In reflection, the juxtaposition of these emotions is understandable, as the underlying longing this season is about connection and love, both of which are nothing short of complicated for many of us. Our wellbeing and good health aren’t measured in merely how many apples we eat and how many miles we walk, but is overwhelming influenced by how we live in community on both celebratory and ordinary days. Here are a few offerings that have helped me navigate this time.
TUNE INTO YOURSELF
What do you truly want this next month? What do you crave most? Often our lives are so well grooved we don’t even think to ask ourselves these questions. You are not a static being and what feeds your soul this year may be very different than last year. For 20 years, I was that person who sent over 100 holiday cards every year. I took pride in not just signing them, but writing personal messages in each and every one of them. It gave me joy. It made me feel connected. And then one year I realized that I just didn’t want to do it anymore. When I asked myself what I craved most, I was honestly surprised by my own answer. I just wanted to sing that year. I was telling a friend this and he said, “I’ll sing with you” and before I knew it, there were 50 of us, singing and playing ukuleles on a bright cold morning. 

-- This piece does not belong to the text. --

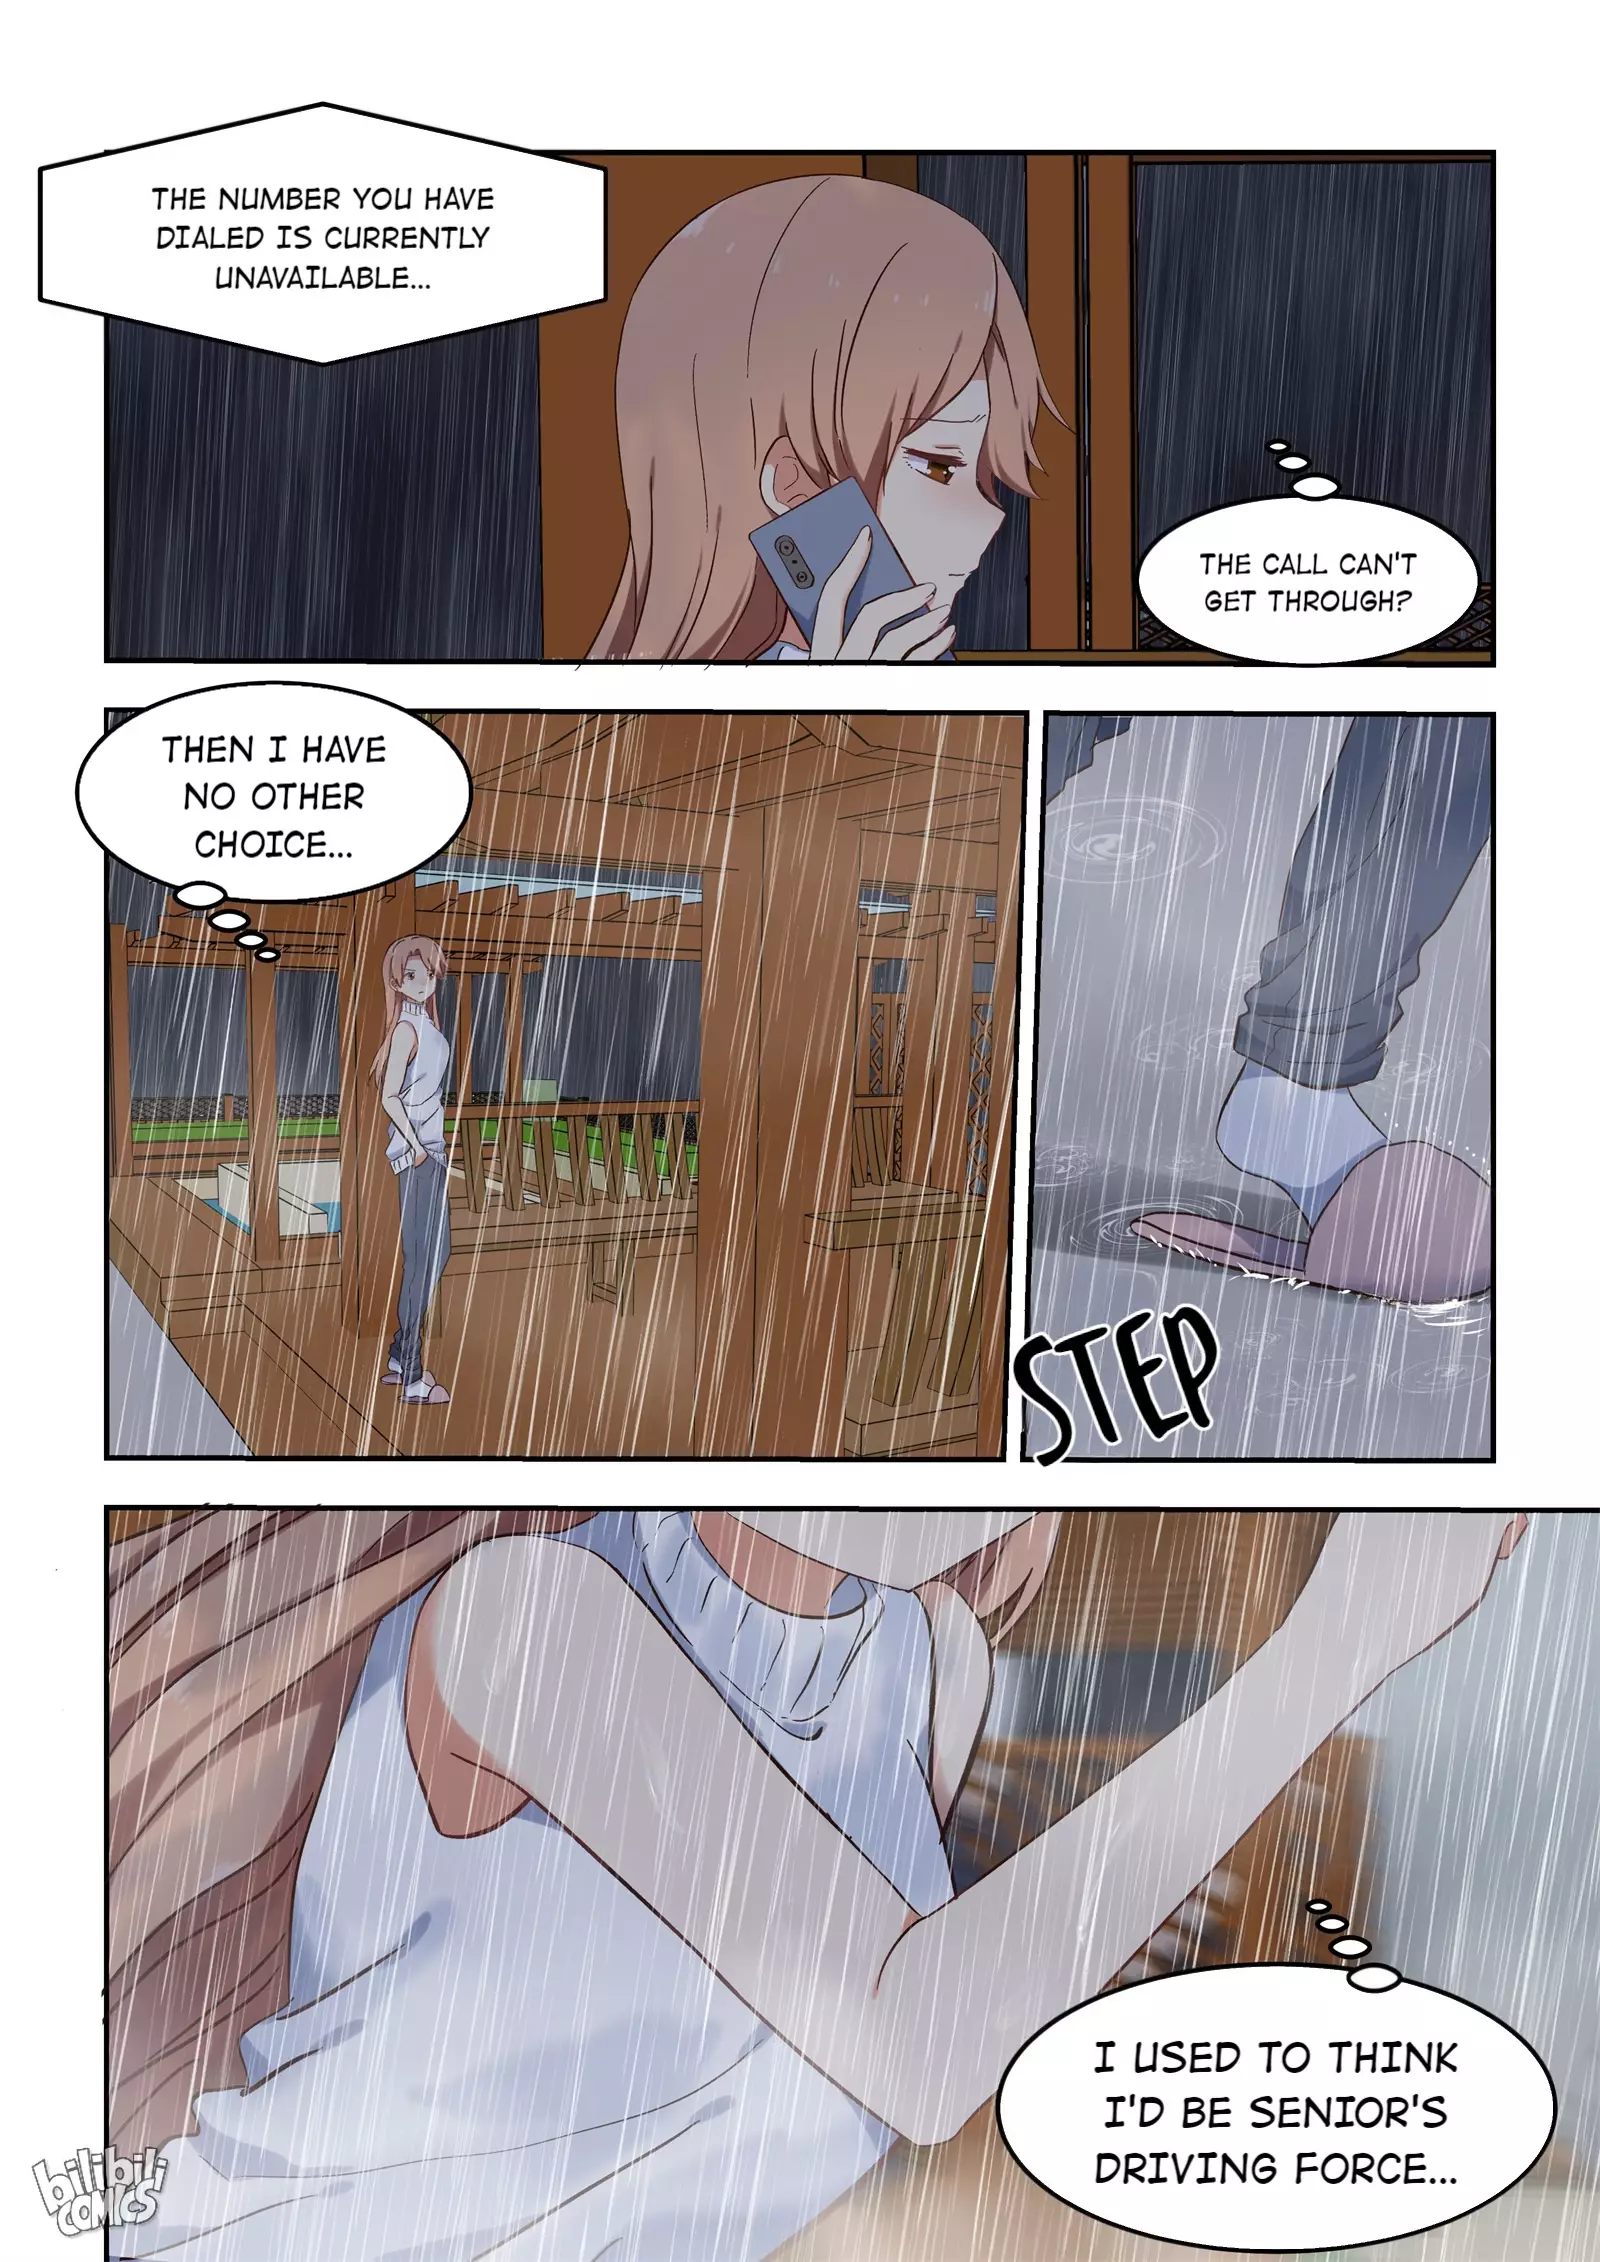 I Decided To Offer Myself To Motivate Senpai - 118 page 3-20b29bfc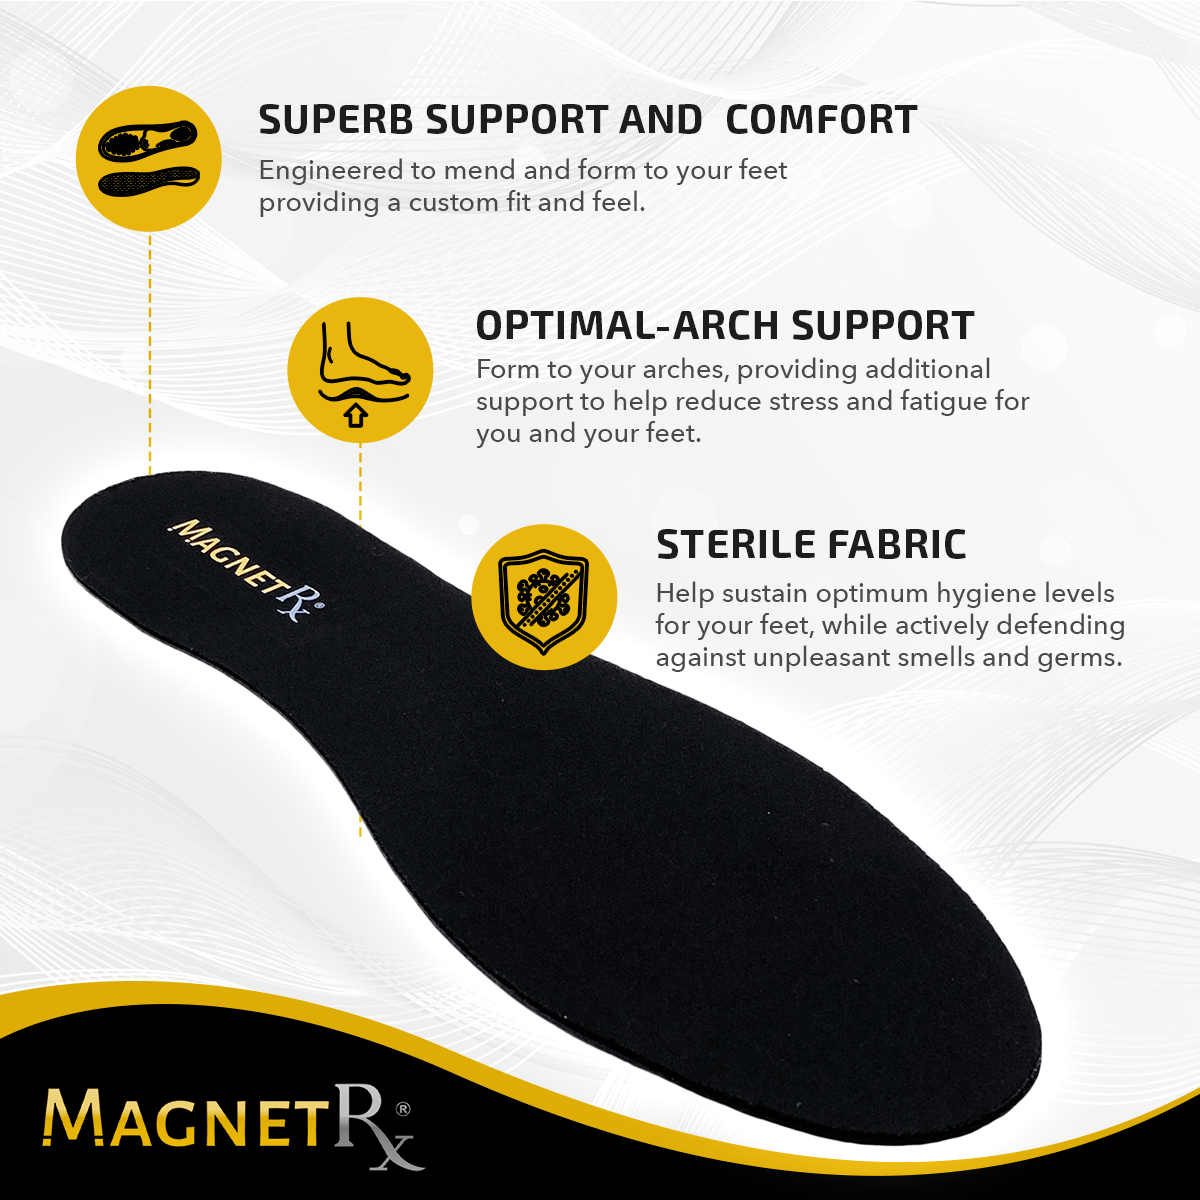 Magnetic Insoles Magnetic Insoles Foot Shoe Inserts with Magnetic Therapy MagnetRX

Get quiet and ask yourself what you need most. Listen to your answer. What comes forth? Take a few minutes with a cup of tea or coffee and write it down. Honor yourself and your longing. 
LEAVE ROOM FOR THE UNEXPECTED
Over-scheduling robs the joy out of even the best planned experiences. I find the most interesting moments happen to be the in-between moments of life. It’s the unexpected conversation you have in line at the post office with an acquaintance.  It’s the different route you take home, even when it takes an extra three minutes. In these moments there is an openness to the world that is all around you, allowing you to experience life exactly as it is in its grandeur and simplicity. 
Pull out your calendars. Grab your favorite color marker and give yourself at least one night of happenstance. On a smaller scale, take a different route. Park in a different spot. Make room for the impromptu.
GIVE
If the Grinch and Scrooge haven’t convinced you yet, let me try a hand at it. We are meant to be in community and giving is a critical way for us to connect and remember that we are not alone. Our offering doesn’t have to be big, just big enough for us to feel nourished. Your gift might be your smile or truly looking someone in the eye. It might be shoveling your neighbor’s walkway. It could be a kind word or card to a co-worker or possibly a cart-full of food for the food bank. 
Give and then just notice — what does it feel like physically? I think Dr. Seuss nailed it on the head when the Grinch’s small heart grew three sizes.
May your souls be grounded and your hearts warm as you create love and community this season.